The administration of TA in patients undergoing head and neck cancer surgery did not decrease intraoperative blood loss or overall blood loss; although it did reduce postoperative bleeding, this did not translate to a reduction in the number of transfusions.

Nurses must assess perioperative blood loss because it places patients at risk for serious complications. An ongoing need to evaluate measures exists to decrease this risk. 

To evaluate the efficacy of low level laser therapy (LLLT) for the treatment of chemotherapy-induced oral mucositis (OM) in pediatric patients undergoing chemotherapy or stem cell transplant

Children and adolescents with cancer receiving chemotherapy or hematopoietic stem cell transplantation (HSCT) who developed grade II OM were included. OM was scored daily by the same investigator. In the experimental group, the treatment was applied to each OM lesion for five consecutive days. The control group received sham treatments to each OM lesion for five consecutive days also.

• The study reported on 14 patients with an age range of 4.8–12.3 years.
• The sample was 19% female and 81% male.
• The sample had three patients diagnosed with solid tumors, 15 patients with lymphoma/leukemia, and three patients undergoing stem cell transplant.

This was a single site, inpatient study conducted in the Pediatric Oncology Unit of the Hospital de Clinicas de Porto Alegre at Federal University of Rio Grande do Sul, Brazil.

The study was a randomized, placebo-controlled trial.

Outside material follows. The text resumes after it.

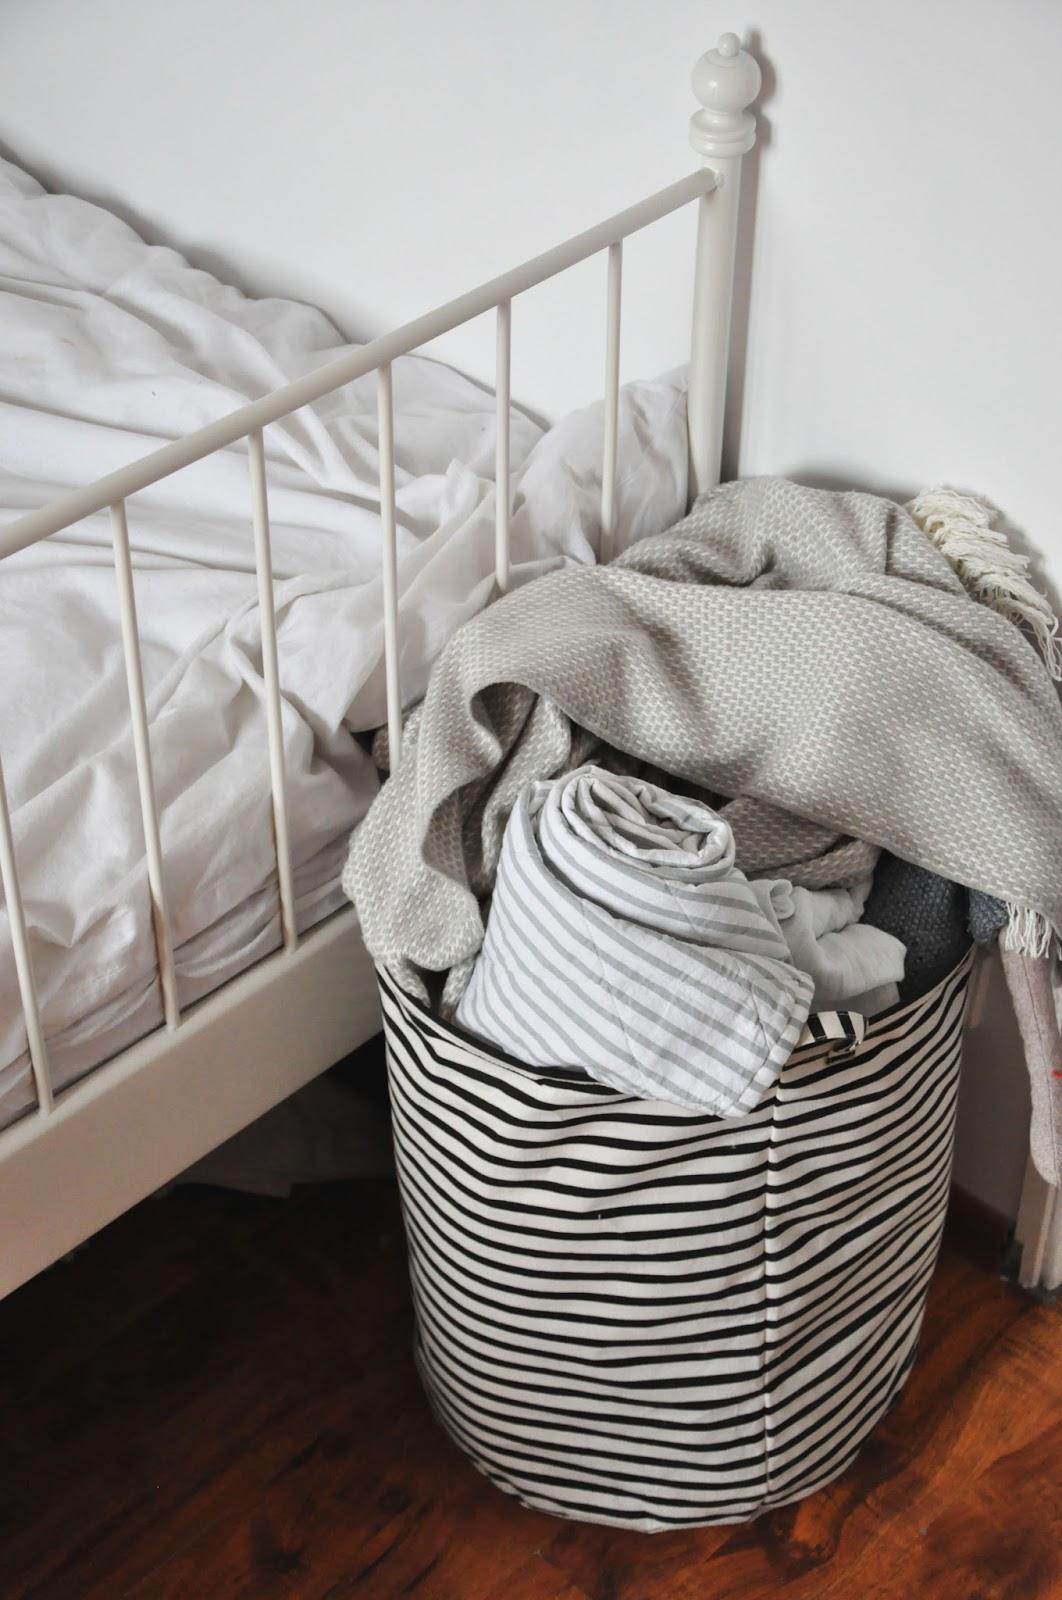 łóżko ikea leirvik,biała pościel, kosz w paski house doctor

• The National Cancer Institute (NCI) Common Terminology Criteria for Adverse Events (CTCAE) version 2.0 was used.
• One examinator assessed mean, standard deviation, and percentiles for age, localization and grade of mucositis, and mucositis severity daily.

No differences were found in grades of mucositis as a function of the LLLT protocol. Mucositis was diagnosed 5.0 to 7.5 days postchemotherapy. On the seventh day after the diagnosis of mucositis, 1 out of 9 patients in the laser group and 9 out of 12 patients in the sham group had grade II or greater OM (p = 0.029). The mean OM duration in the laser group as compared to the sham group was 3.1 days less (p = 0.004).

LLLT can significantly reduce the duration of chemotherapy-induced OM in children.

• The sample size was small with fewer than 30 patients.
• The study did not evaluate pain or functional impairment.

Laser therapy is effective in treatment of mucositis, but it is very high tech and requires special equipment and highly trained personnel.